The group decide to immediately abort their escapade, clamber onto their boat and power through to find help… only to crash on a reef, punch a hole through the hull of the boat and find themselves treading water in the open ocean. With at least one shark circling them. And that’s your toppings.
Boom. That’s your movie. It is exactly what you should expect if I told you that Something in the Water is a formulaic shark attack slasher, a movie about a group of women being picked off by an apex predator while stuck in a confined location with way of contacting the outside world and seeking rescue. It’s Open Water with more people. Or Jaws 2 without boats. And with a regular-sized shark.

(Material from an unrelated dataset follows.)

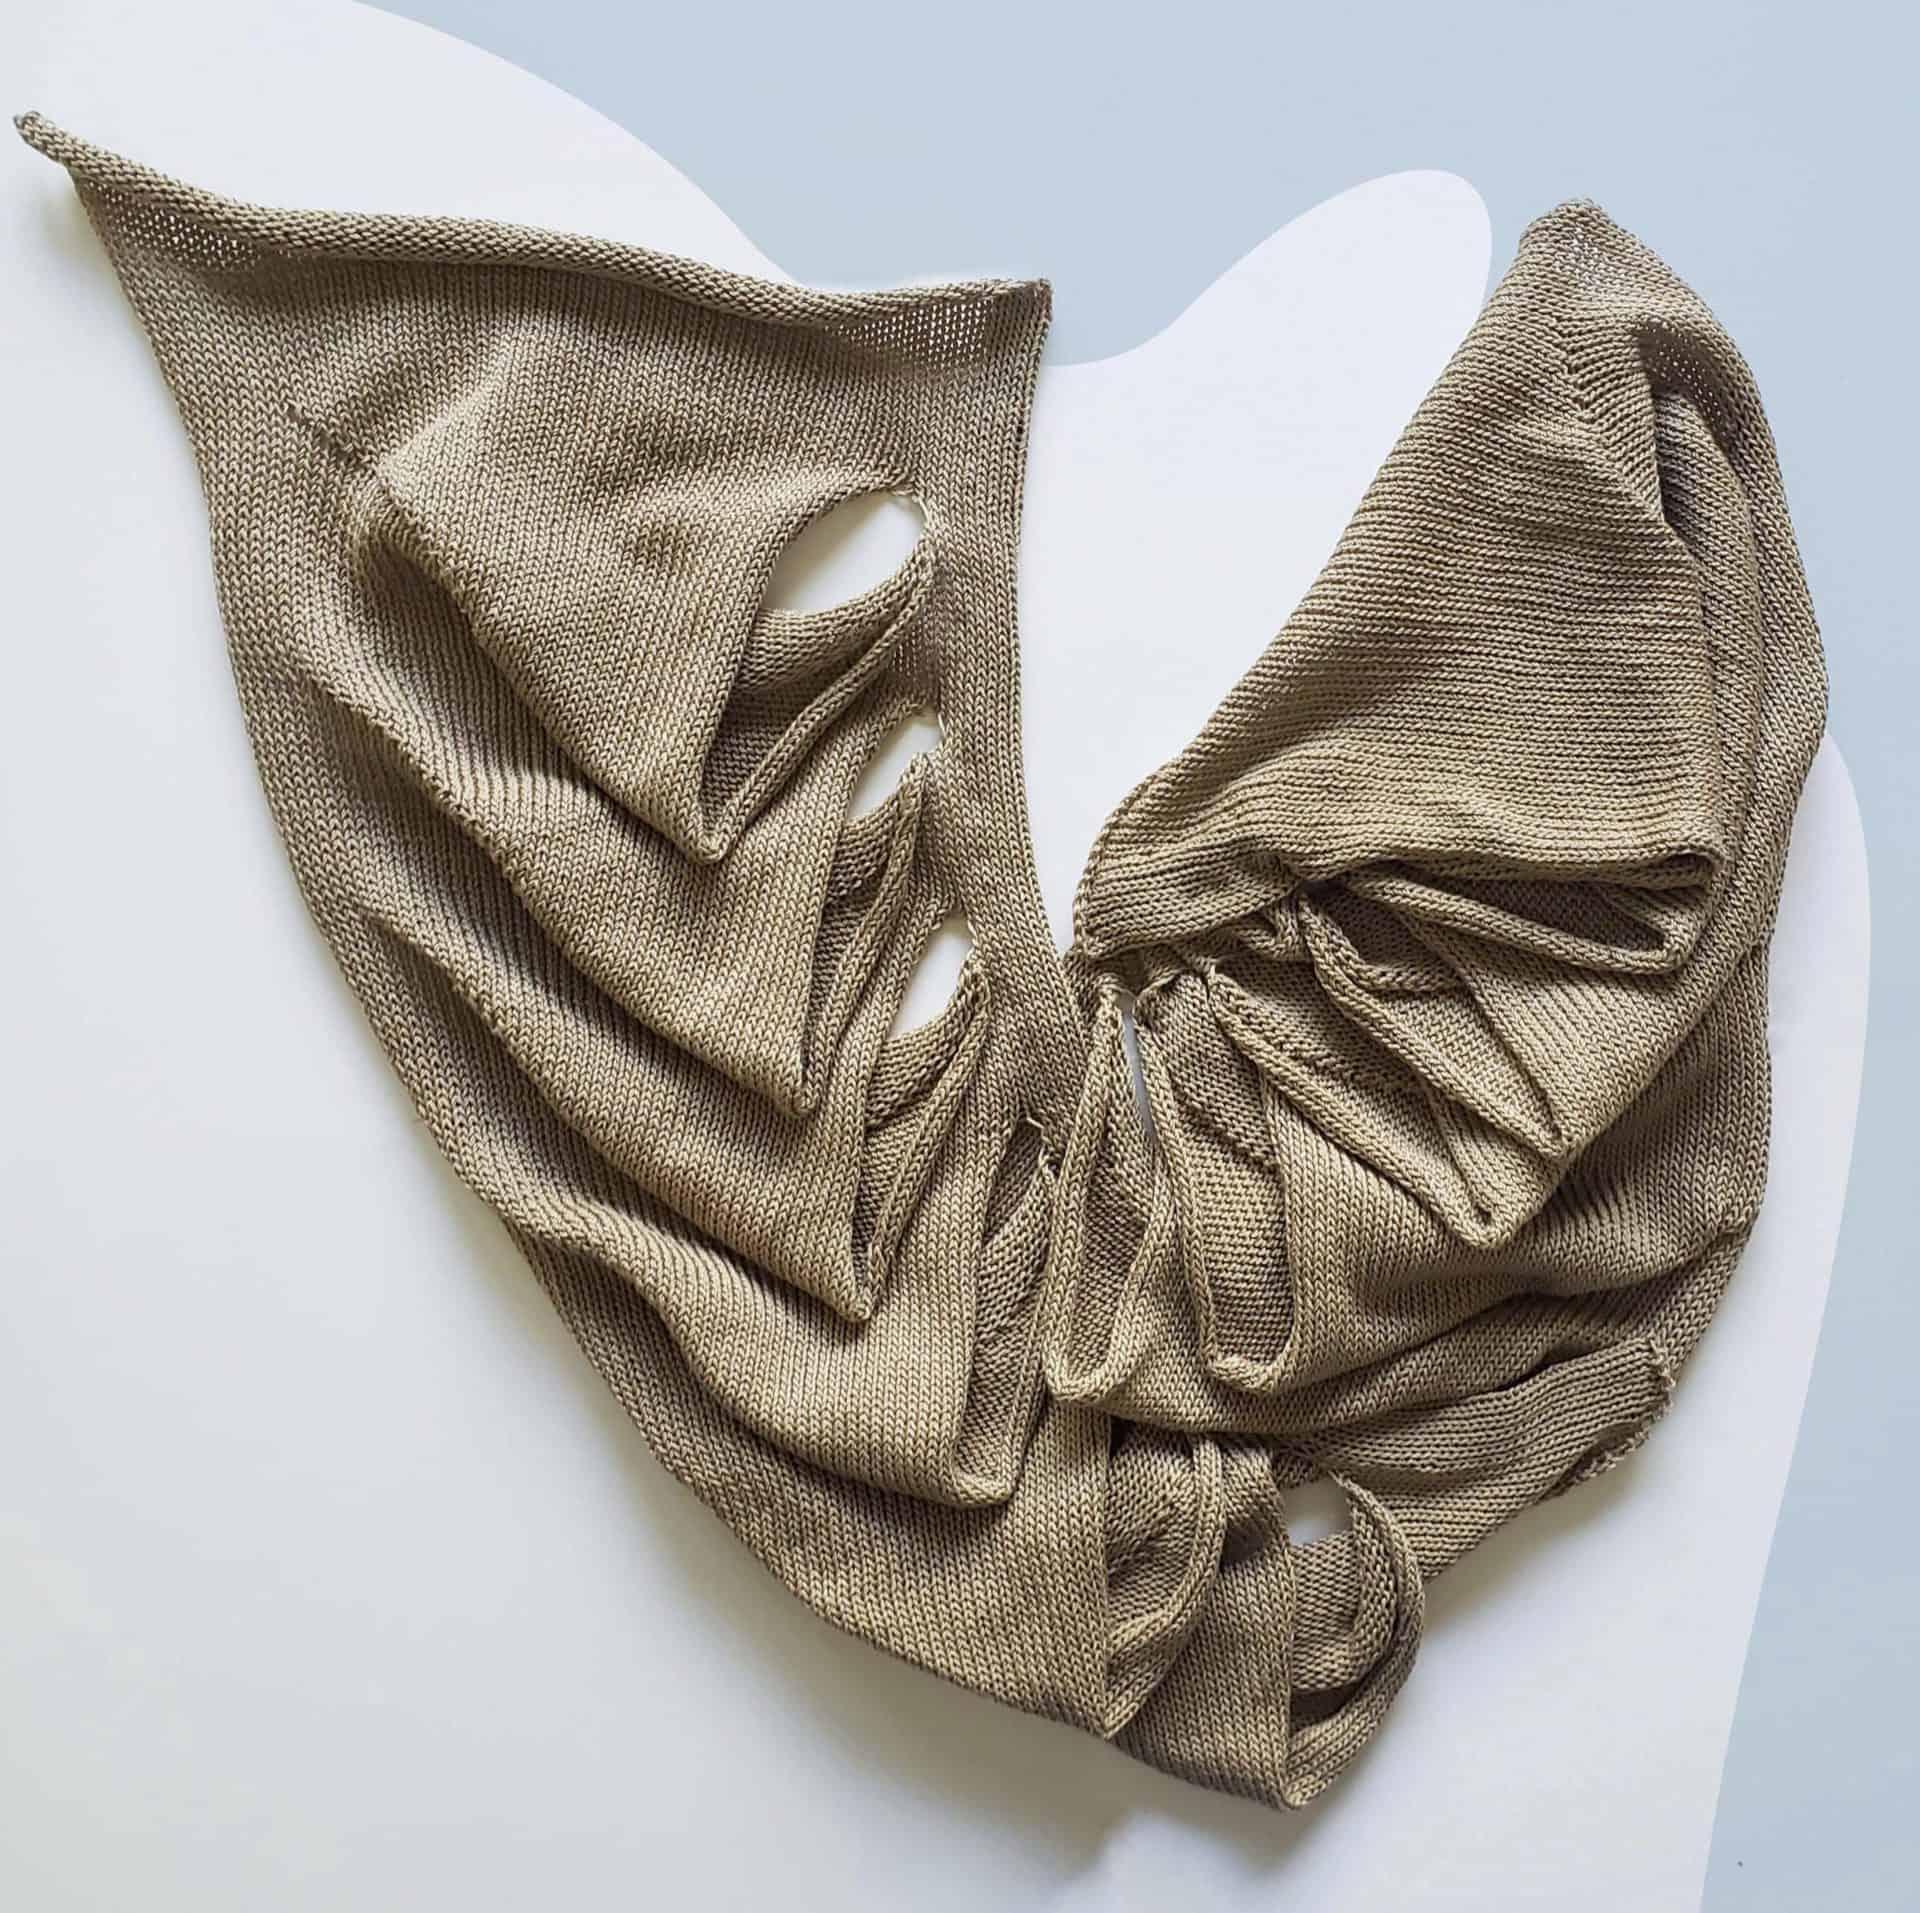 Featured Work, Rashida Birdlong, BFA Knitwear Design

And you know what? If this is what you are after, you will have just about as much fun as you’d have on a night out at Pizza Express, assuming you’re not gluten-intolerant or something. It’s a serviceable, accessible piece of genre filmmaking that makes good use of its template, generates suspense in predictable—yet still effective—ways and puts a bow on things long before you even begin thinking of checking your watch. In and out. Ninety-odd minutes of purely disposable genre fun designed for people who enjoy shark movies of all extractions. No extras. No sprinkles. The shark isn’t massive. The kills aren’t all that inventive. The suspense levels match the stakes of the story.

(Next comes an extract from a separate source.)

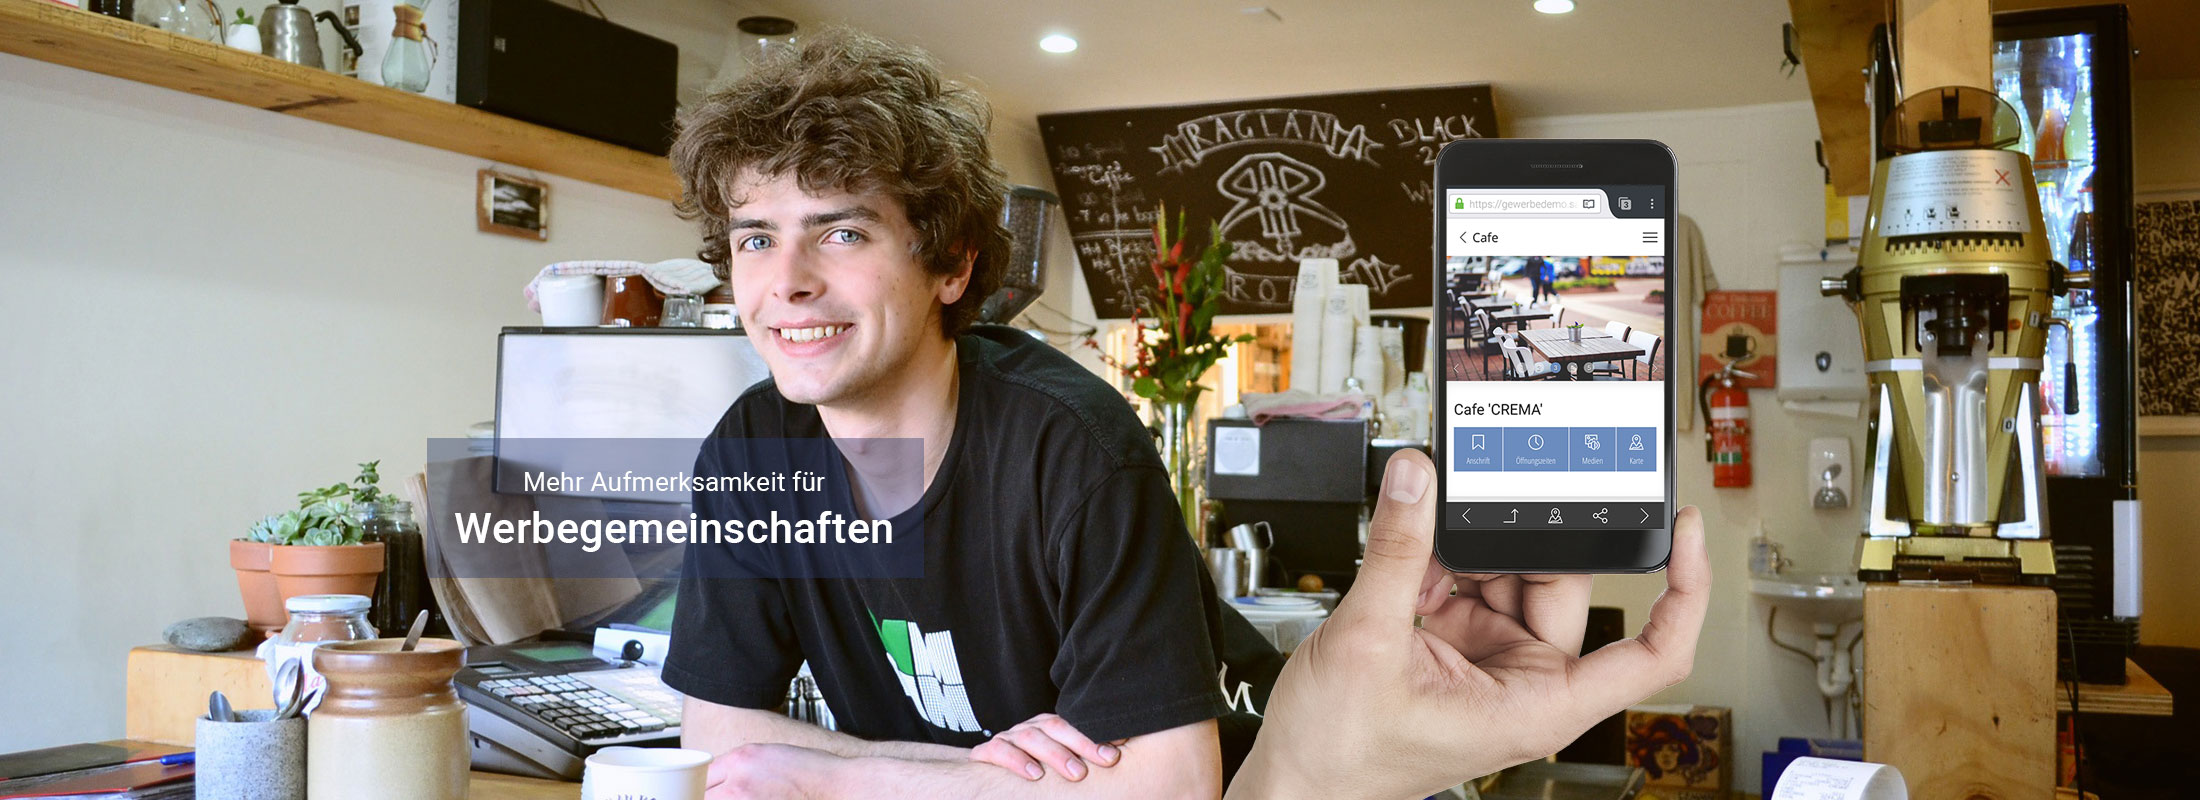 satelles mobilewebguide: digitales Stadtmarketing

There it is. The something in Something in the Water is competence in reducing a solid recipe to practice. Which is great. However, don’t be surprised you won’t remember much of this movie by the time you head back to work and someone asks you at the watercooler what you watched this weekend. You may be able to remember the title and the fact it is a shark movie, but not much more. Just as you wouldn’t be able to go into exquisite detail about that trip to Pizza Express. It’s a movie that works in the moment, passes the time and somehow winks at at least one societally relevant concept—acceptance of non-heteronormative relationships—without being decidedly overbearing either.
Passable, accessible, well-produced. Almost completely forgettable. So, please refrain from asking me about any detail concerning this movie as a week from today it will have evaporated from my mind completely.